BYOD (Bring Your Own Device): The Practical Mortgage Risk
BYOD is common in small mortgage companies, and it’s not automatically prohibited. But BYOD creates three common failures:
1) No remote wipe capability
If the phone is personal and not enrolled in management, the company cannot wipe it.
2) No separation between personal and business use
NPI ends up mixed with:
personal photos
personal cloud backups
personal texting
3) No way to enforce updates or screen lock
The company cannot prove the device is secure.
Minimum defensible BYOD controls:
screen lock required
remote wipe enabled (via device enrollment or platform controls)
Email MFA required
No saving customer documents to the device
Are Cell Phones Really a Big Risk?
Yes — and most small companies underestimate this. In the mortgage industry, phones are used for:
scanning documents
texting borrowers
accessing email
accessing document storage
A phone is a portable loan file cabinet. If you inventory nothing else, inventory phones.

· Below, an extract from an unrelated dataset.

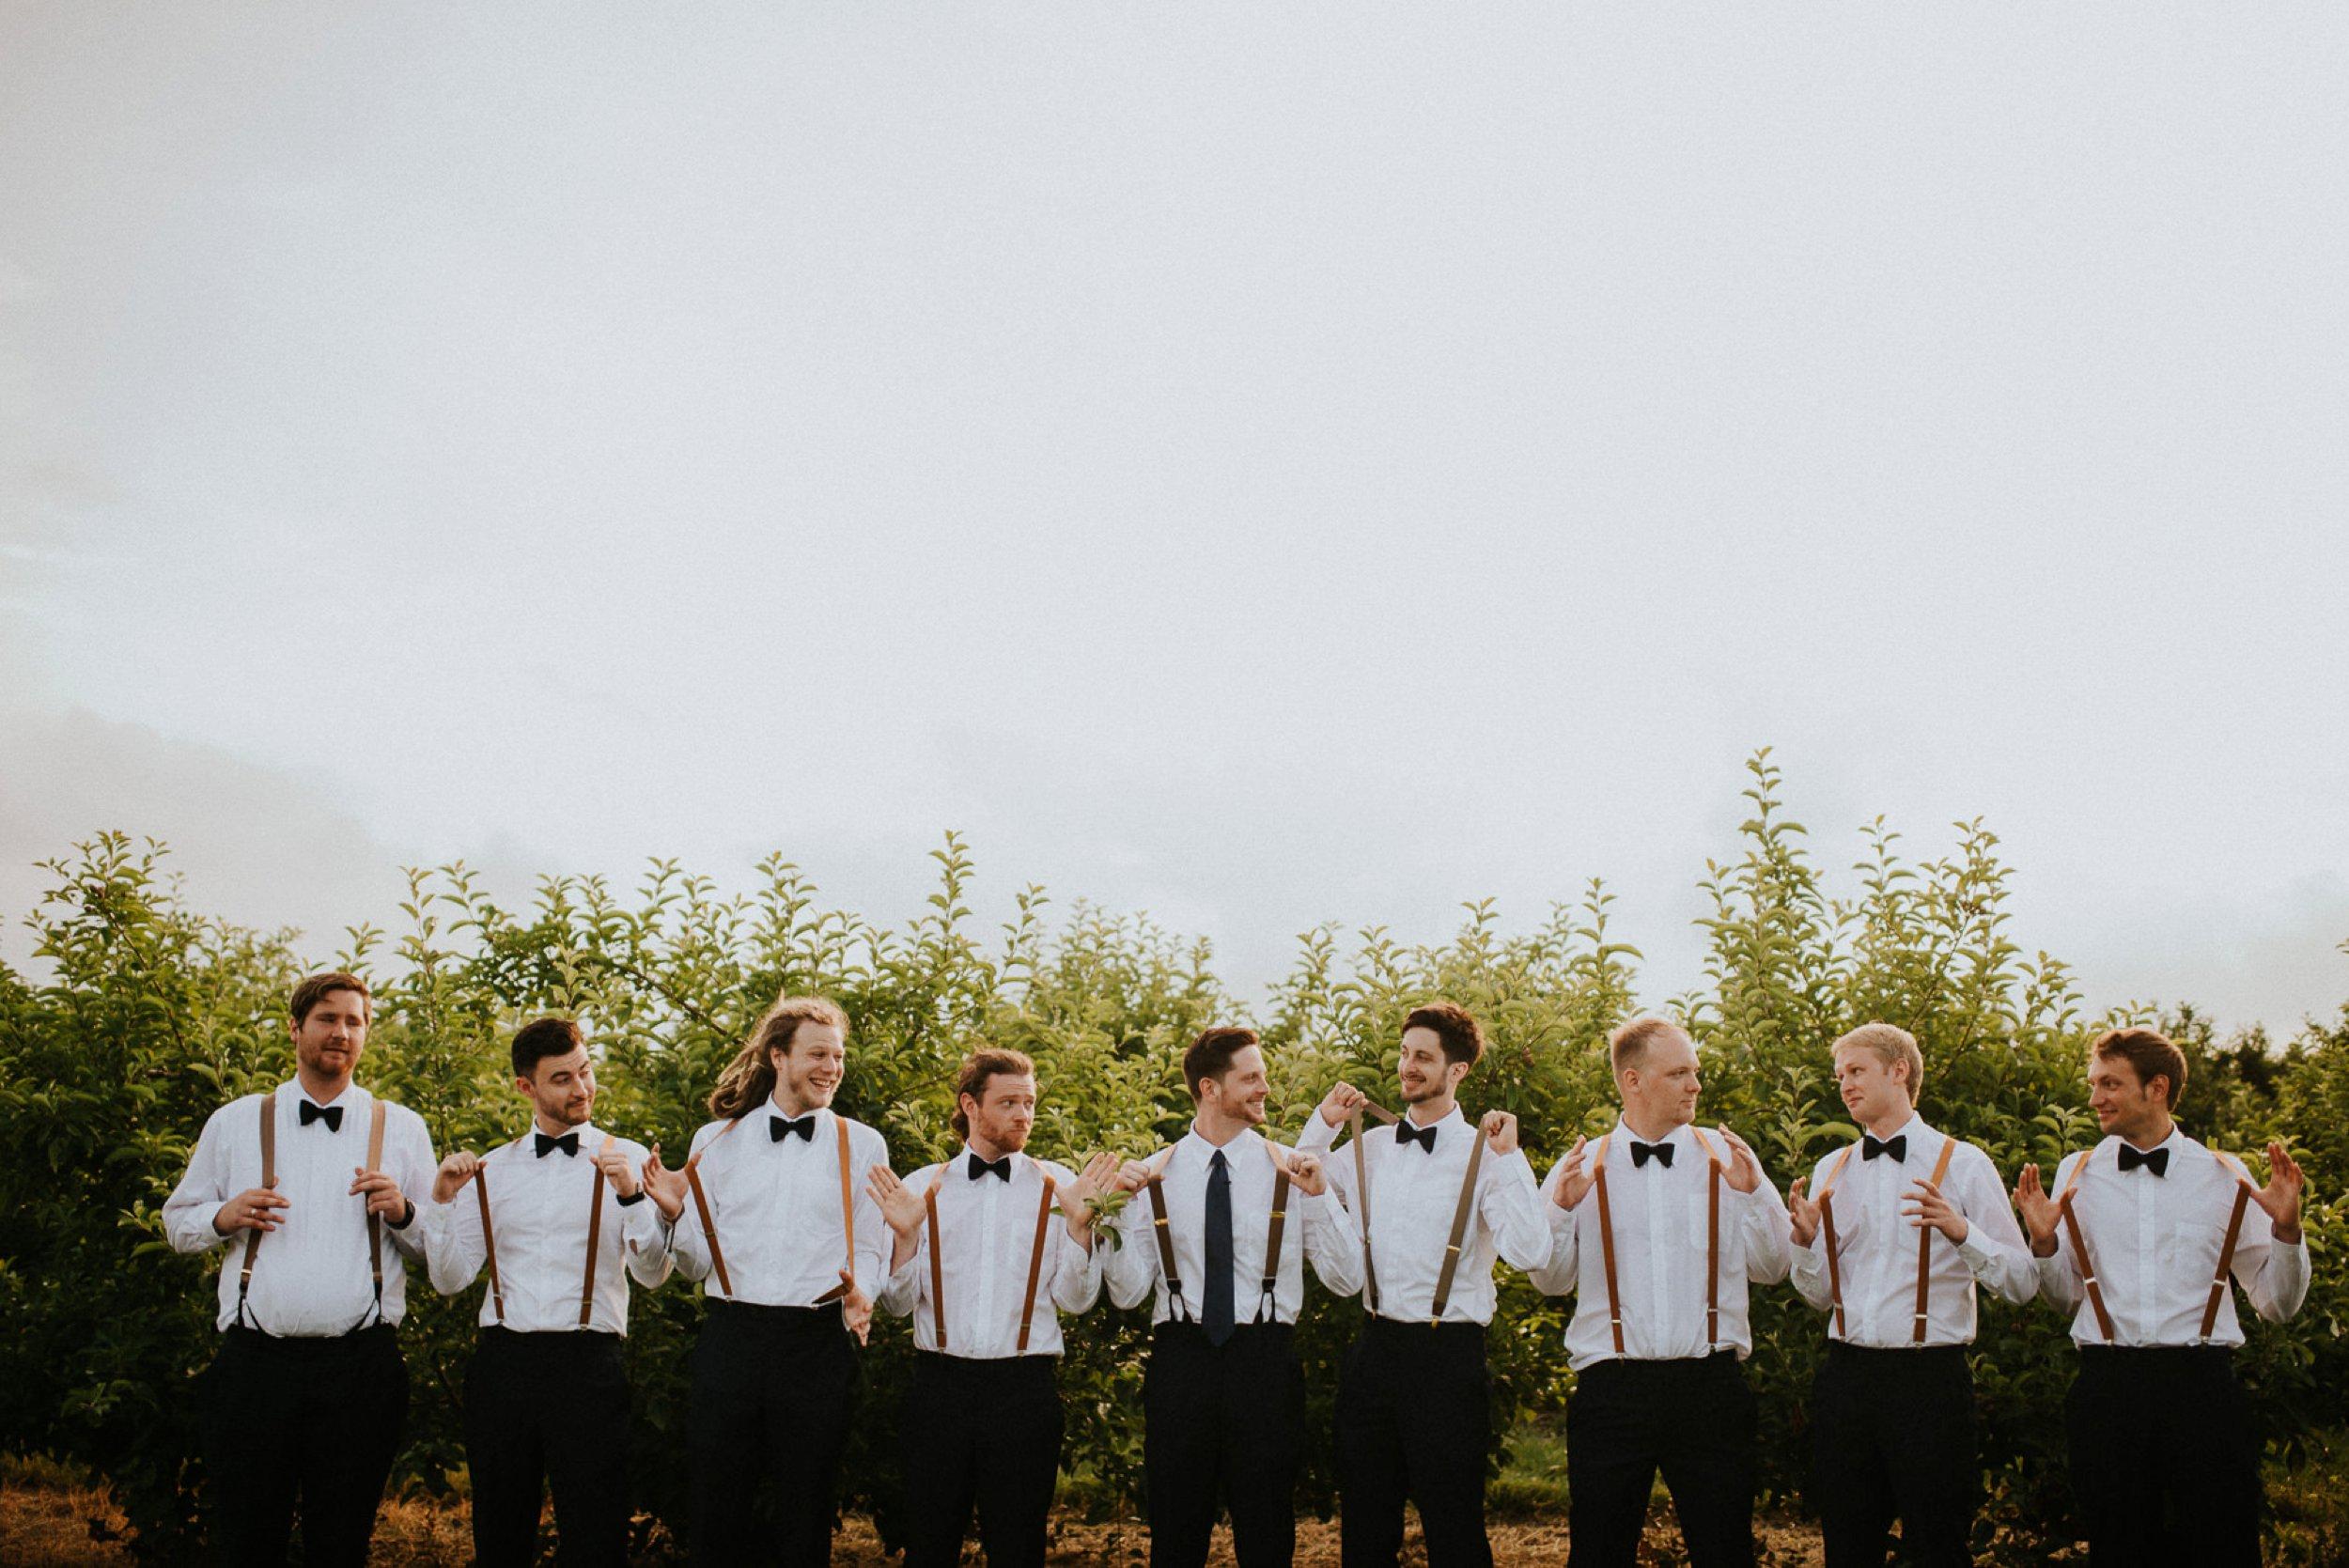 milburn_farms-wedding-62.jpg
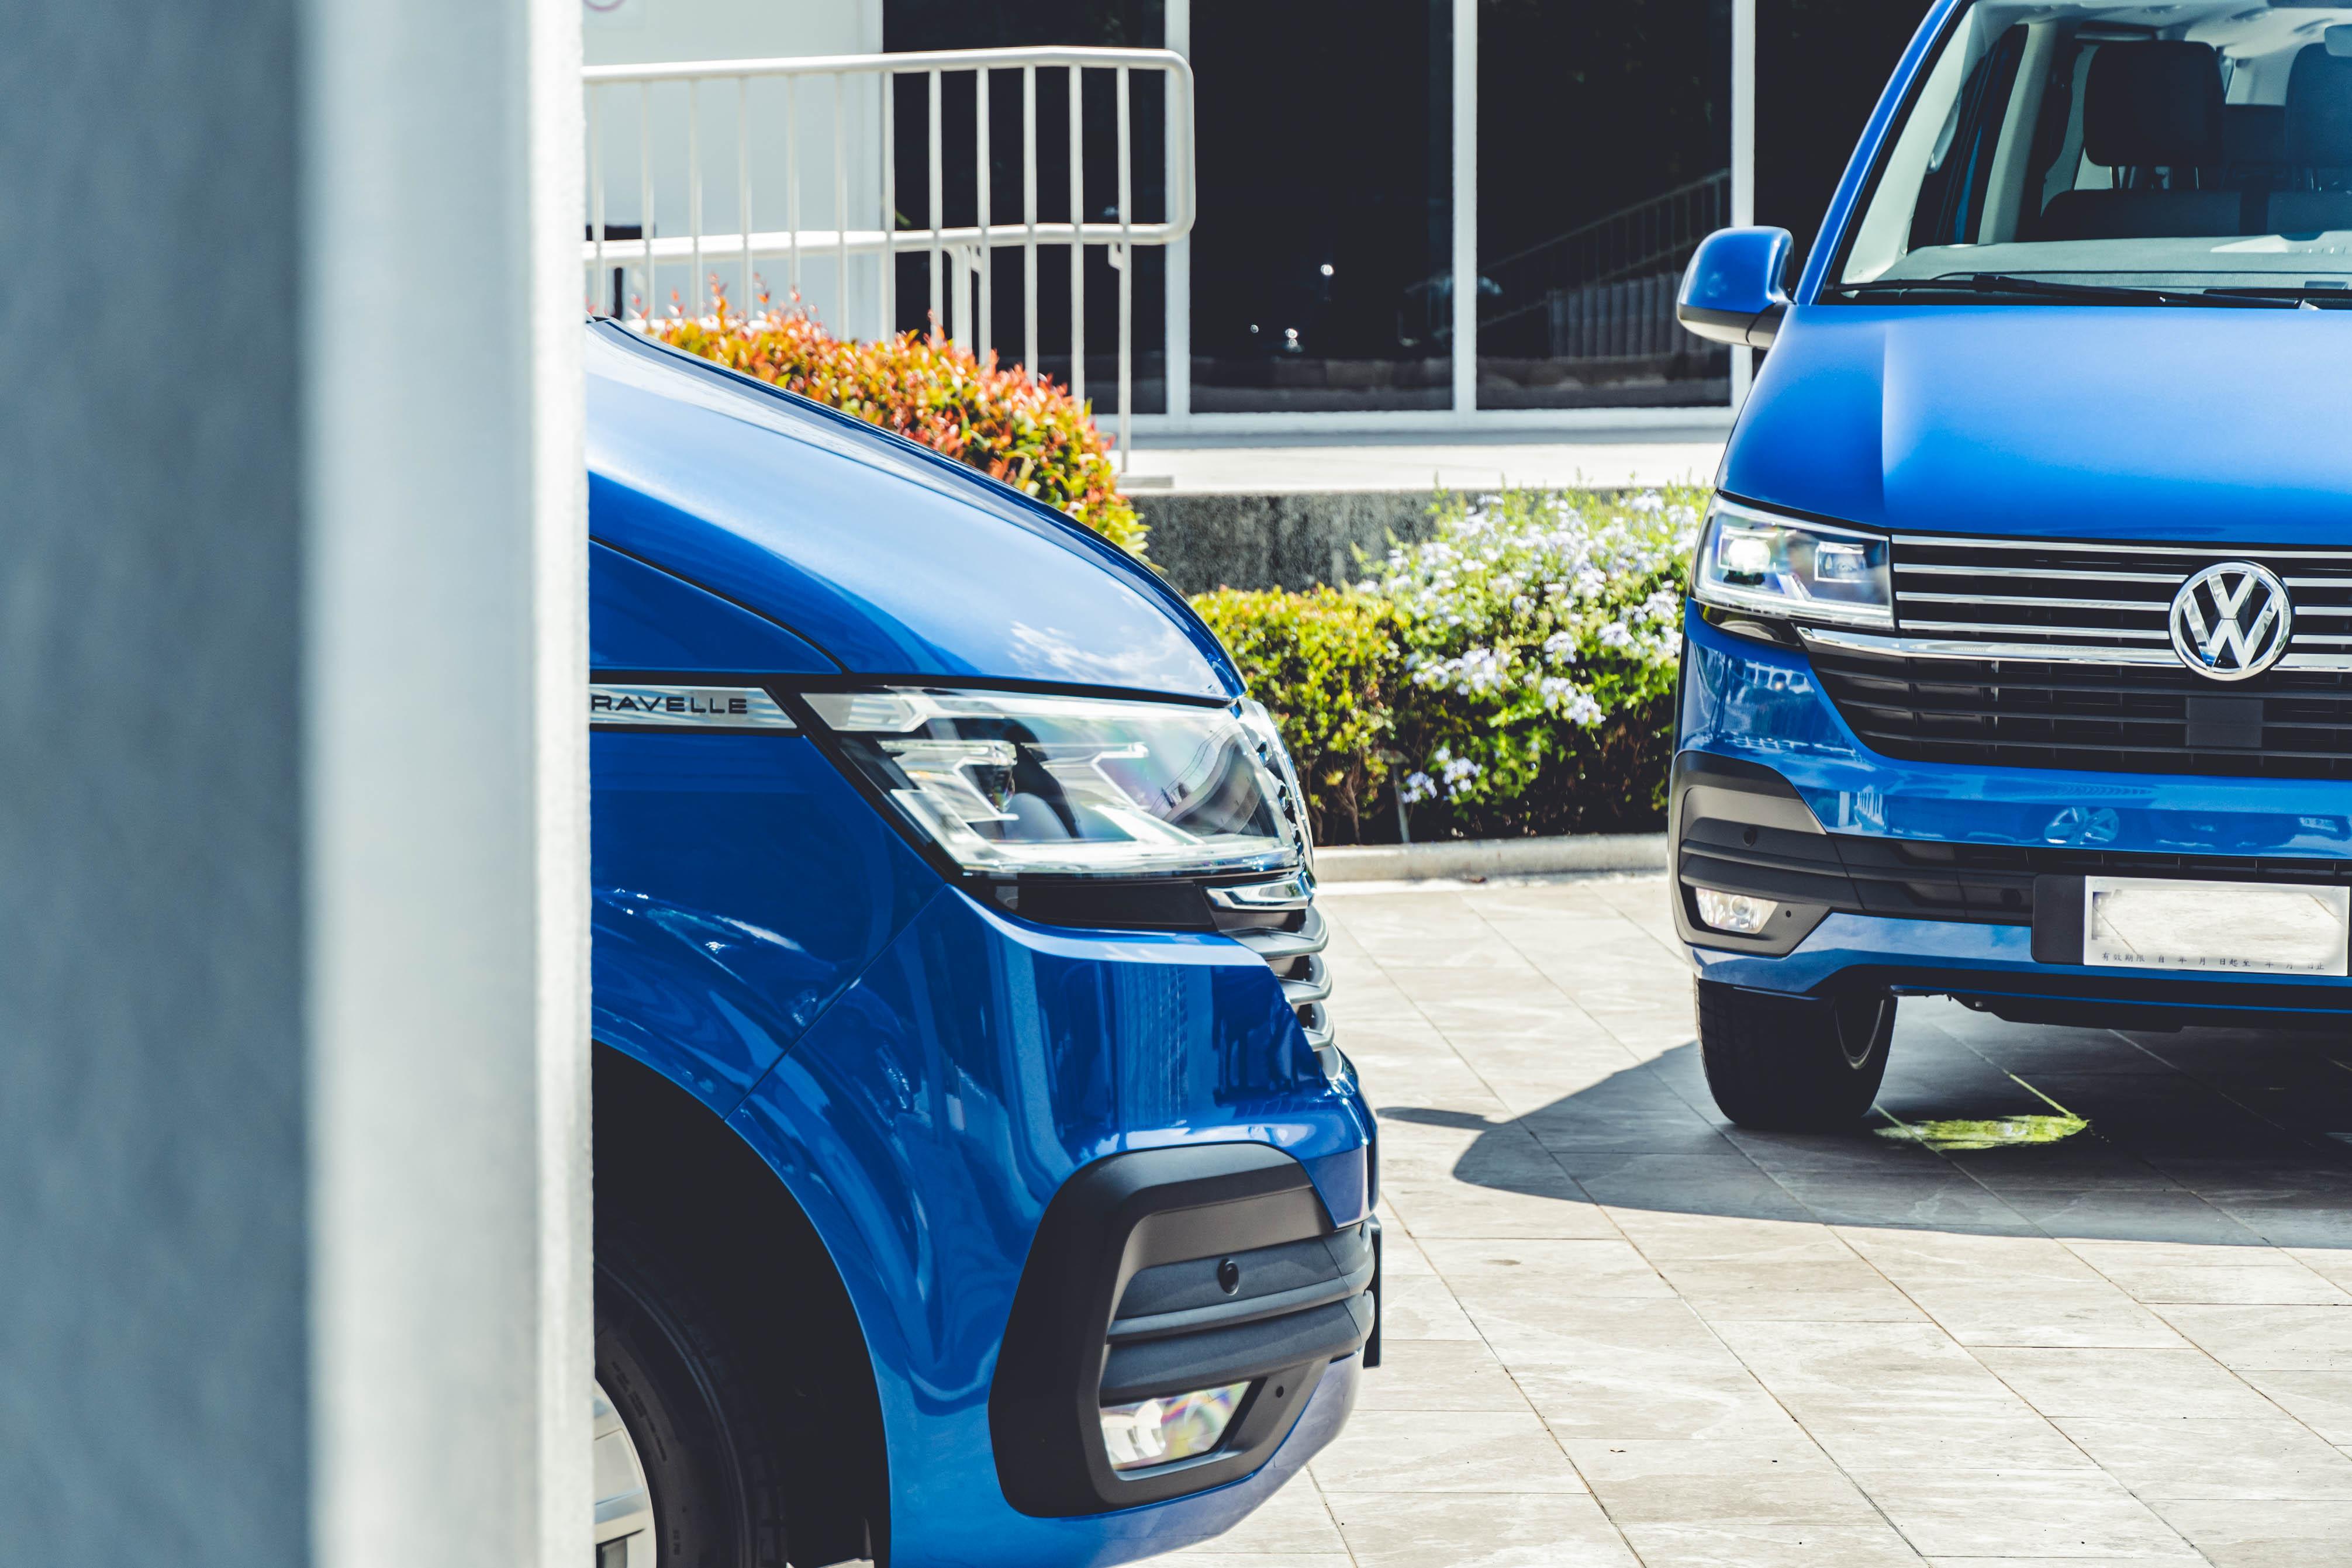 VWCV T6.1 Caravelle 以五車型販售,售價 140.3 到 210.8 萬元。

The Quiet Devices That Cause Big Problems
These are the “surprise findings” most companies discover:
Printers / scanners
Especially if they:
store scans
have email-to-scan enabled
have default passwords
are accessible from Wi-Fi
Old laptops were kept “just in case.”
These are often:
unpatched
shared
not encrypted
Shared office computers
Shared logins + shared computers = exam findings.
Output
Completing this process gives you a completed FORM 2-90-25 IT Security Physical Inventory spreadsheet, updated at least annually and whenever:
a device is purchased
a device is replaced
a device is reassigned
an employee is terminated
remote work is added
This inventory is not meant to be perfect. It is meant to be complete enough to act on.
Bottom Line
Small mortgage companies don’t need enterprise IT. They need a reliable answer to:
What devices access NPI?
Who uses them?
Are they secured?
Can we disable access quickly?
FORM 2-90-25 is how you prove that you know the answer.